The order should be:
1. start the device (ifconfig device 0.0.0.0 up), then the
/proc/sys/net/ipv4/conf/DEVICE entry appears (if already not)
2. set the device flags, "hidden" in our case
3. add the VIPs
BTW, this issue is explained in the LVS-HOWTO (3.2 The cure(s))
> If instead we set tunl0 to another IP (i.e. the Real Server IP) and then
> create an alias of tunl0 and set that to the VIP, the problem seems fixed.
Are your sure conf/tunl0 exists when you change conf/tunl0/hidden?
> For example:
> ifconfig tunl0:0 <VIP> netmask 255.255.255.255 broadcast <VIP>
You can add VIP to device "lo", for example:
insmod ipip # if module
ifconfig tunl0 up
echo 1 > all/hidden
echo 1 > lo/hidden
ip add add VIP dev lo
> The problem had been that we occasionally would get page not found errors on
> our clustered Web server (Red Hat 6.2, kernel 2.2.14 on the director and two
> real servers). We didn't see the error consistently, which had us looking at
> different browsers etc. The error seemed to only occur on IE.

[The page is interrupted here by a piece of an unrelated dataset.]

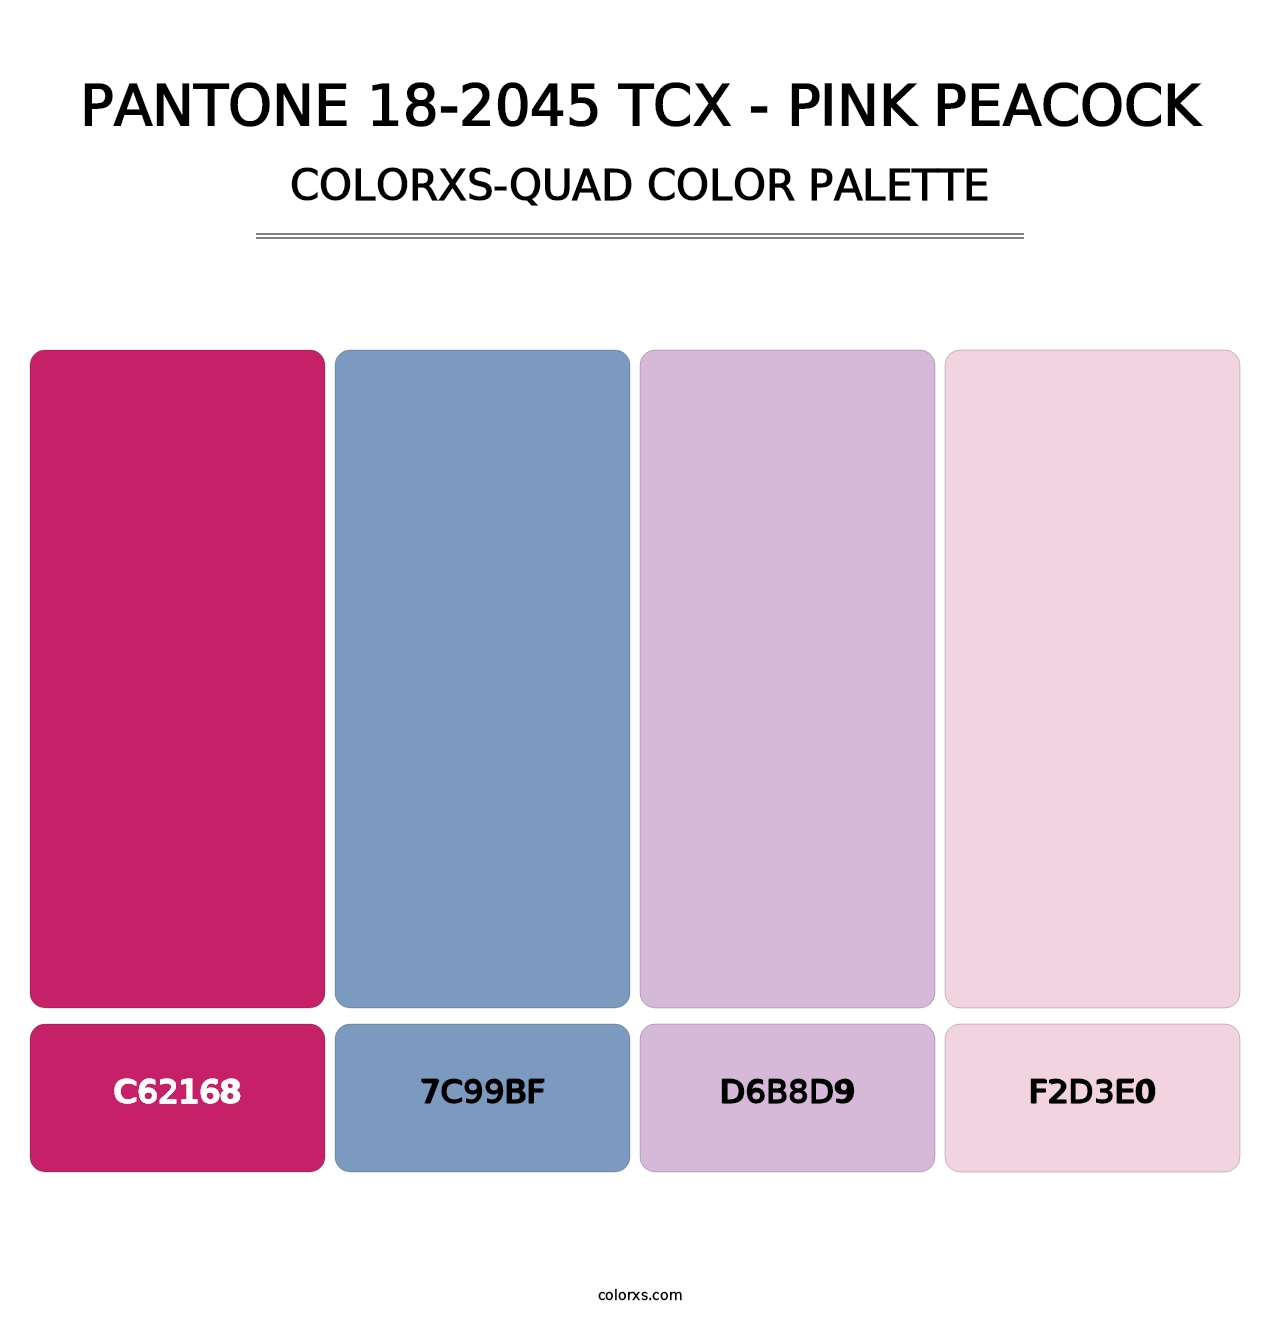 PANTONE 18-2045 TCX - Pink Peacock - Colorxs Quad Palette
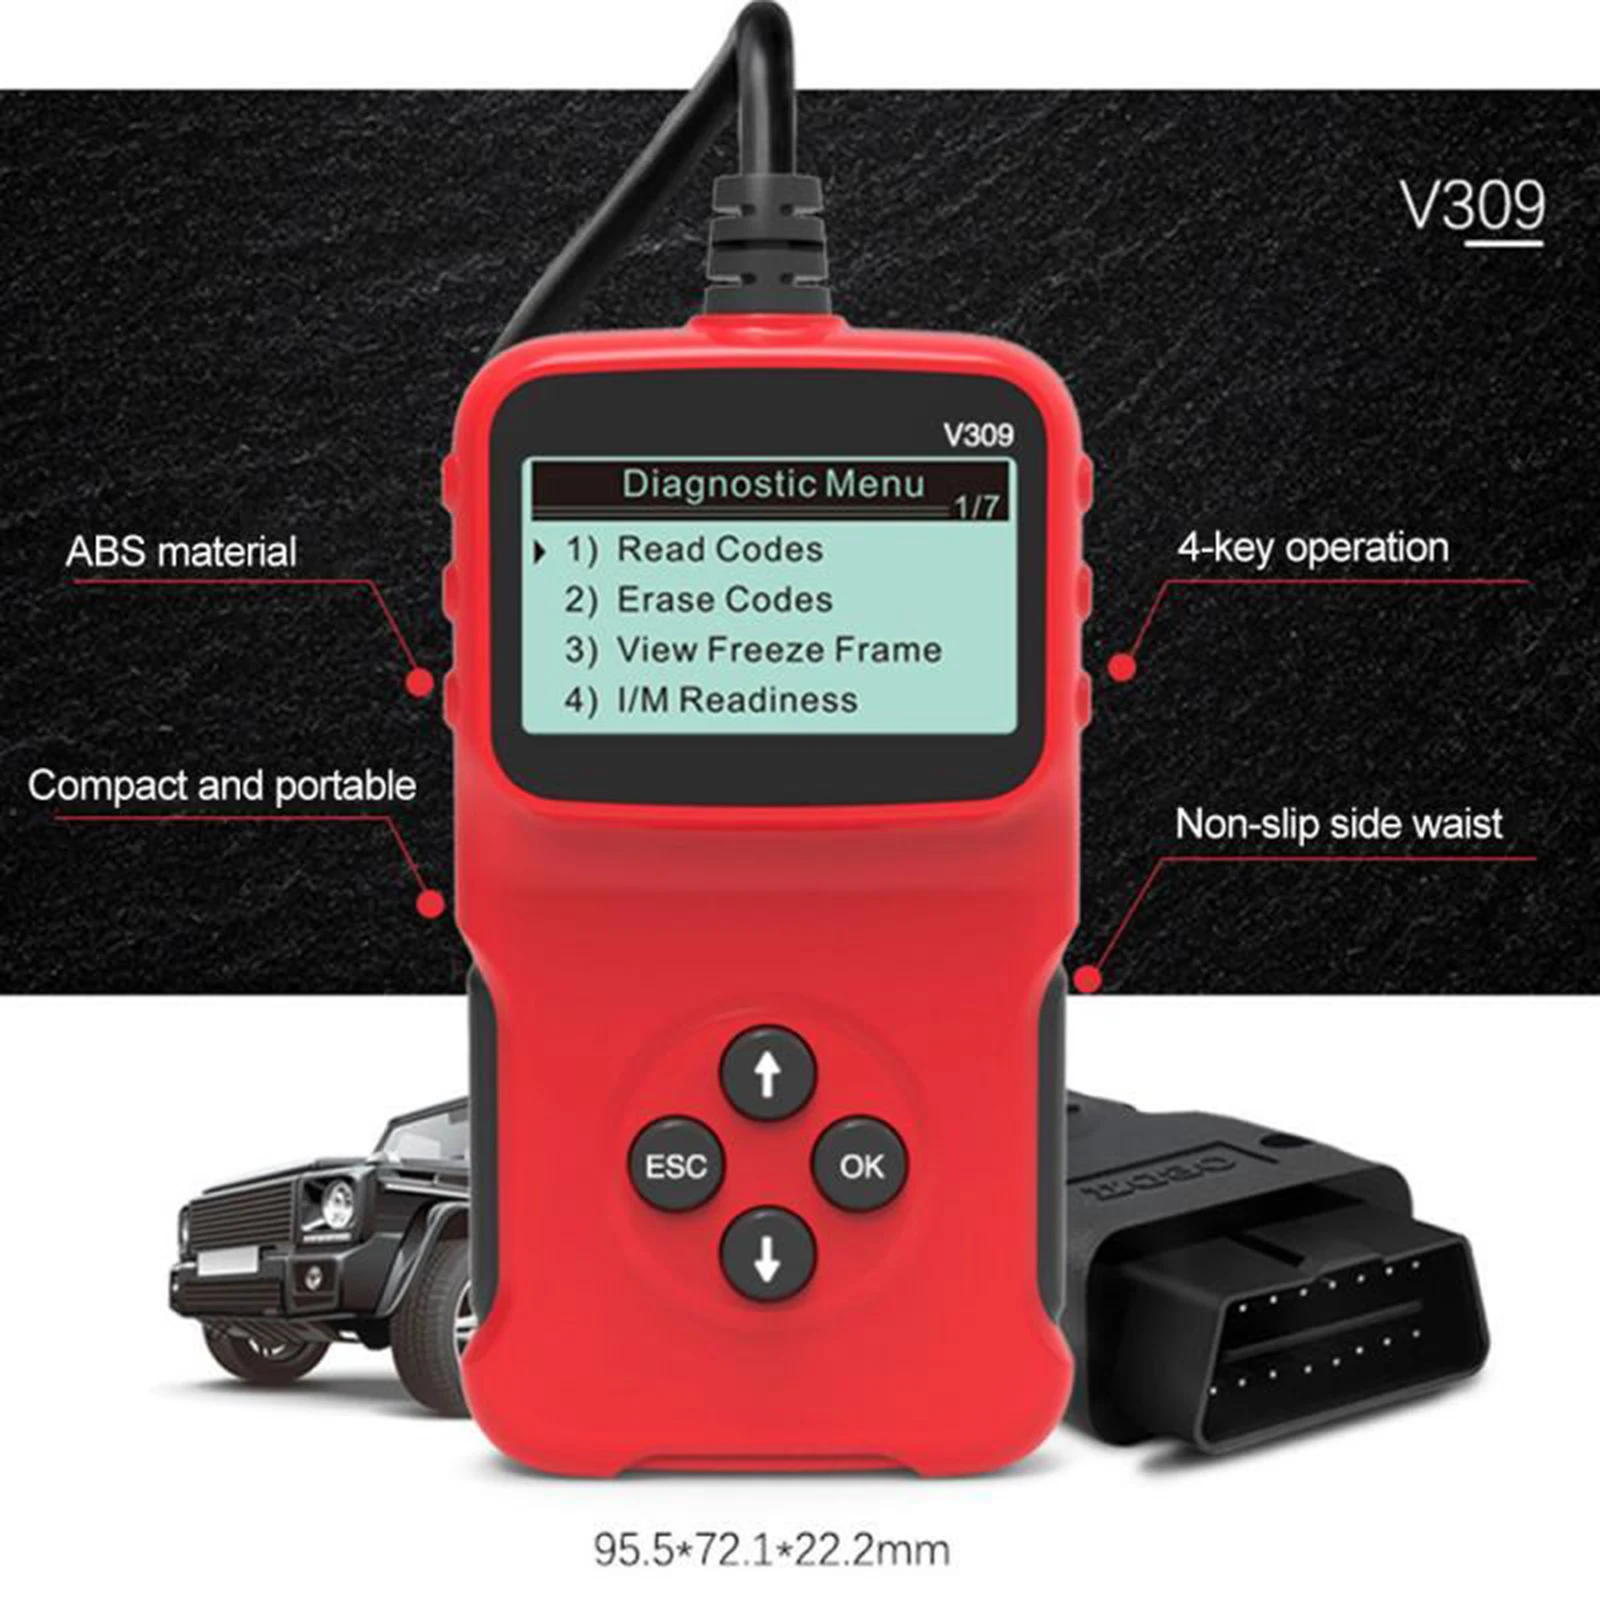 V309 Automobile Diagnostic Scanner Code Reader OBD Code Reader Car Check

Then the problem is at another place. Do you test with NS from
the same box where IE is used?
> In looking at the description of the arp problem, it struck me that we might
> be experiencing some flavor of that. I noticed we had overlooked in the arp
> problem description <http://www.linuxvirtualserver.org/arp.html> of first
> bringing up tunl0, then hiding the arp, and then configuring a tunl0 alias
> to respond to the VIP.
This is the right order, VIP after hidden
> As I said, this seems to work, but I don't understand why the alias is
> necessary -- which makes me wonder whether I actually fixed something or
Hm, may be the problem is at another place. It will be very easy
to find with tcpdump the following:
1. who is the real server that causes the problem
2. for which clients (1 one more) the problem occurs
3. whether it is an ARP problem
4. whether it is an content problem
> Joe Peters
> UMass Boston Webmaster
Julian Anastasov <ja@xxxxxx>